Task details
Go to the line with "Original Walt Disney" in the entries below and write out every line from there through the line with "Blush A-Line Gown", exactly and without pictures.

── Dataset records ──

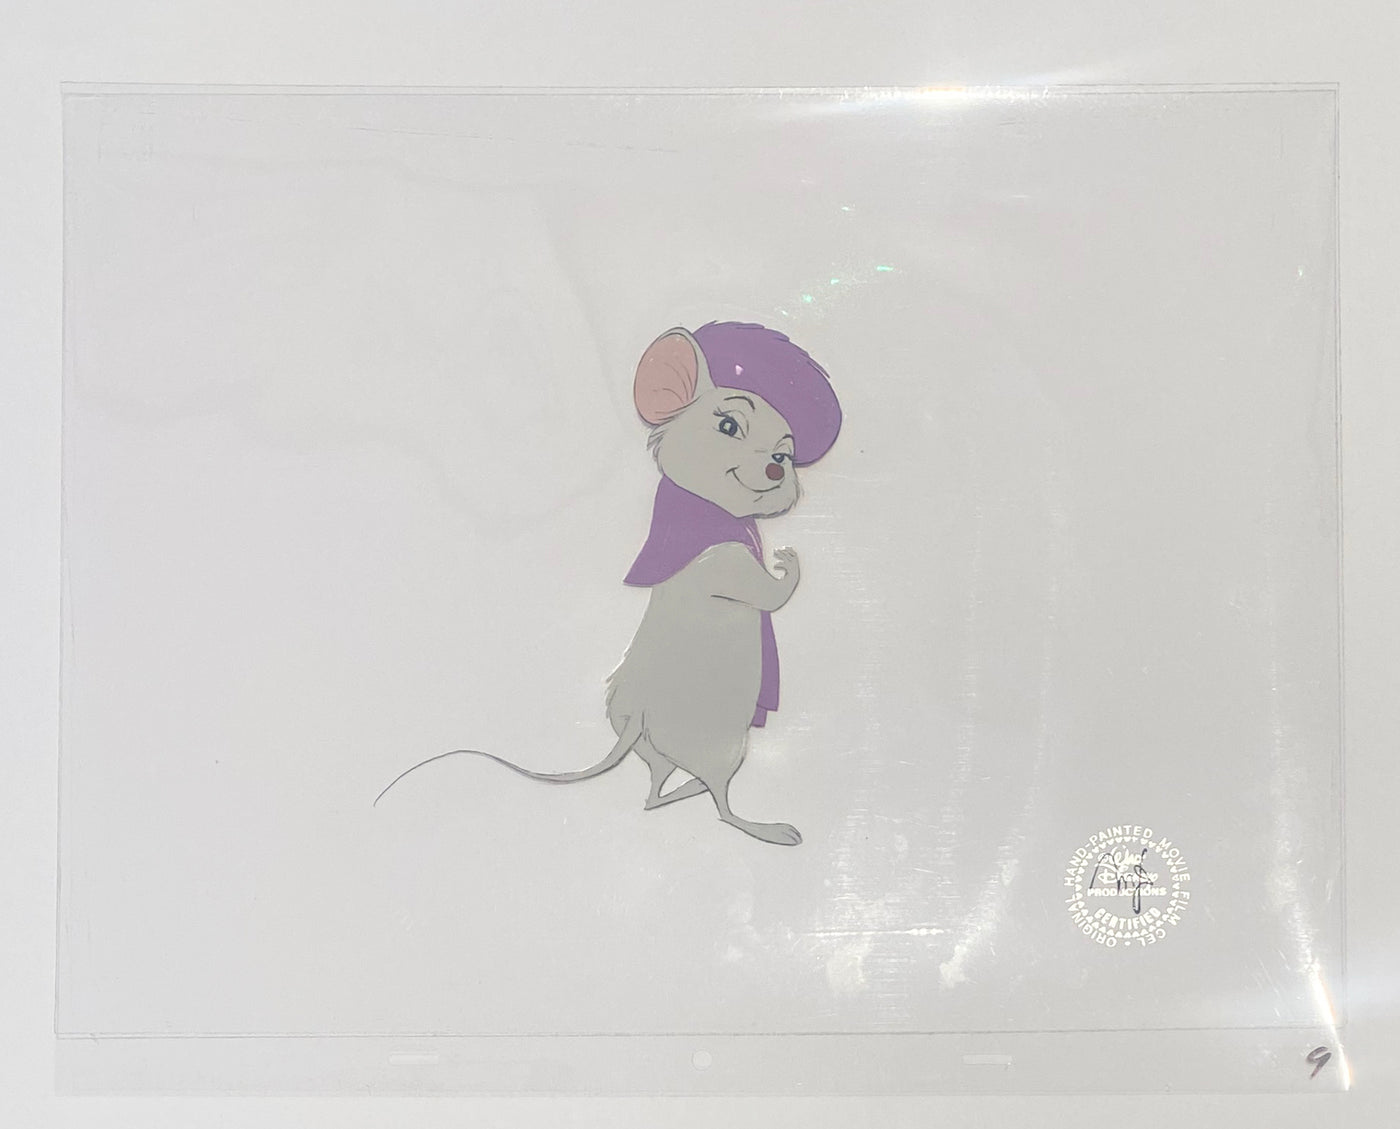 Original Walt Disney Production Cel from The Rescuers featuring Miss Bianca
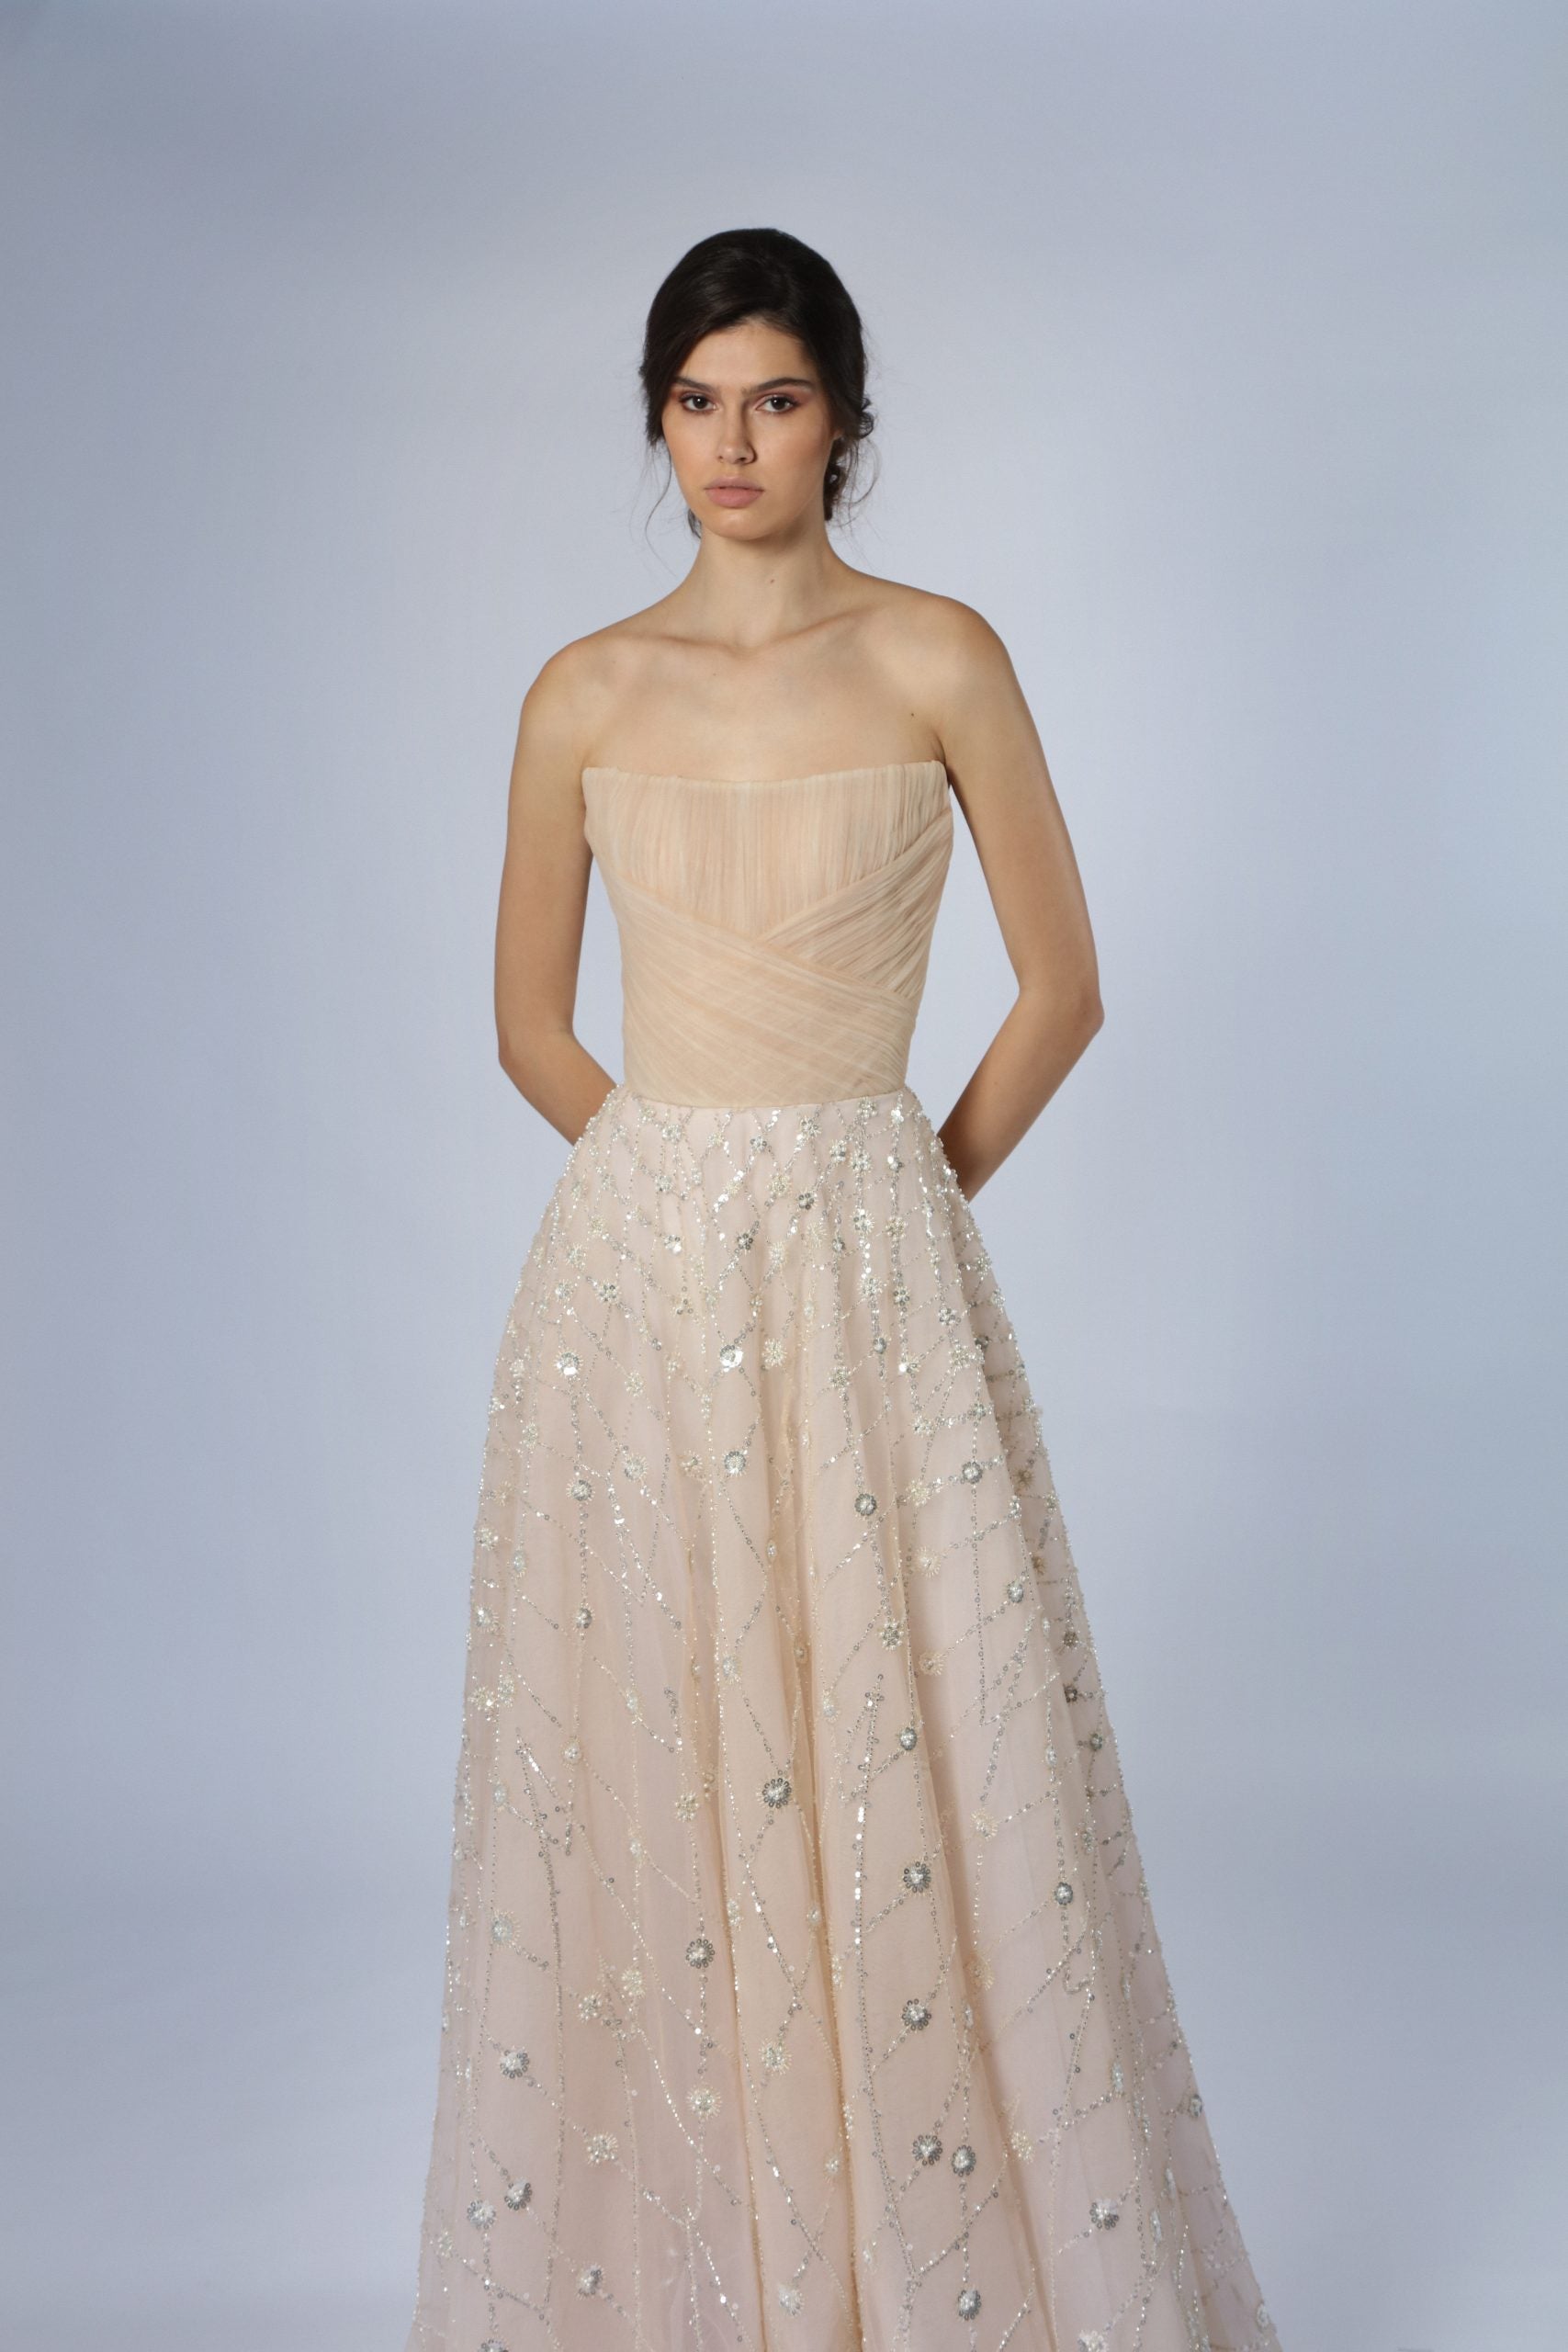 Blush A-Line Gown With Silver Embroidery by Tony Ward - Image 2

───
── Dataset records ──

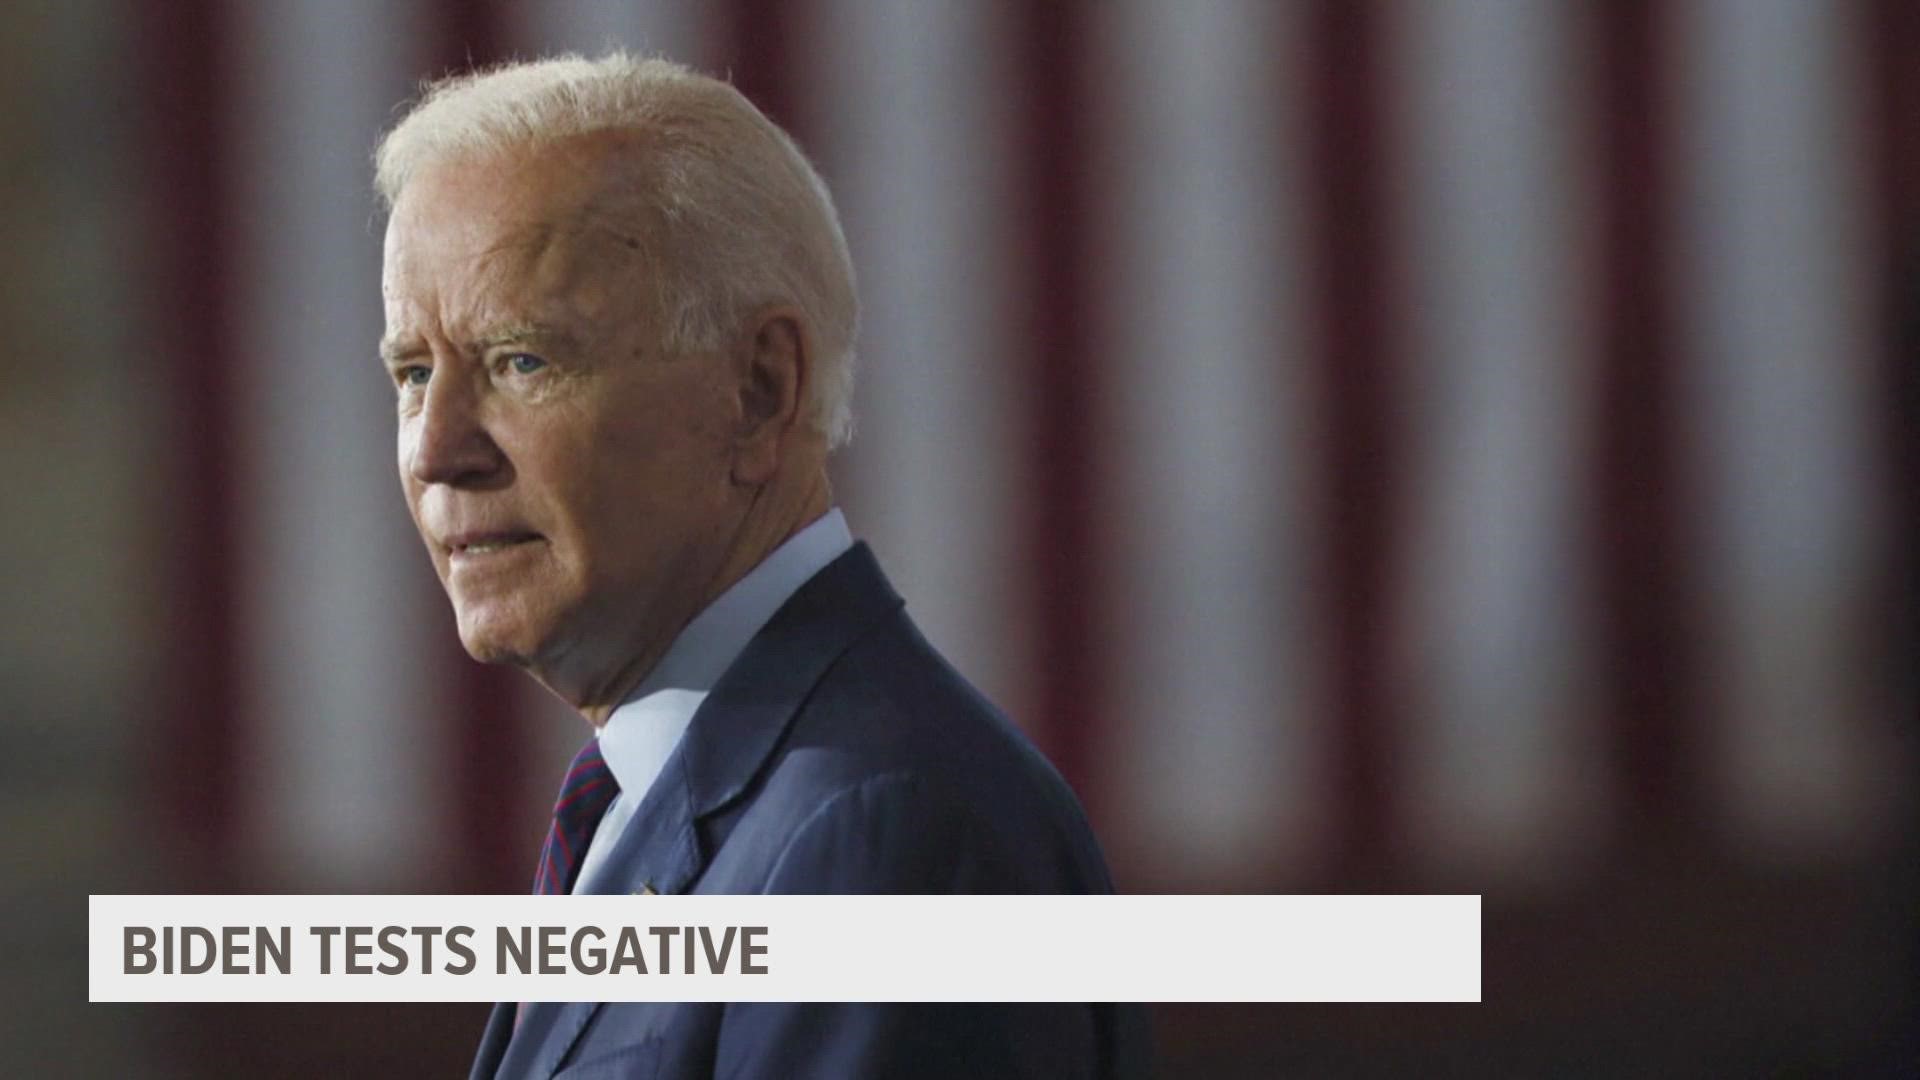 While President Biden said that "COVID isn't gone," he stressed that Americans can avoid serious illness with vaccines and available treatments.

───

Solution to the problem
 Original Walt Disney Production Cel from The Rescuers featuring Miss Bianca
 Blush A-Line Gown With Silver Embroidery by Tony Ward - Image 2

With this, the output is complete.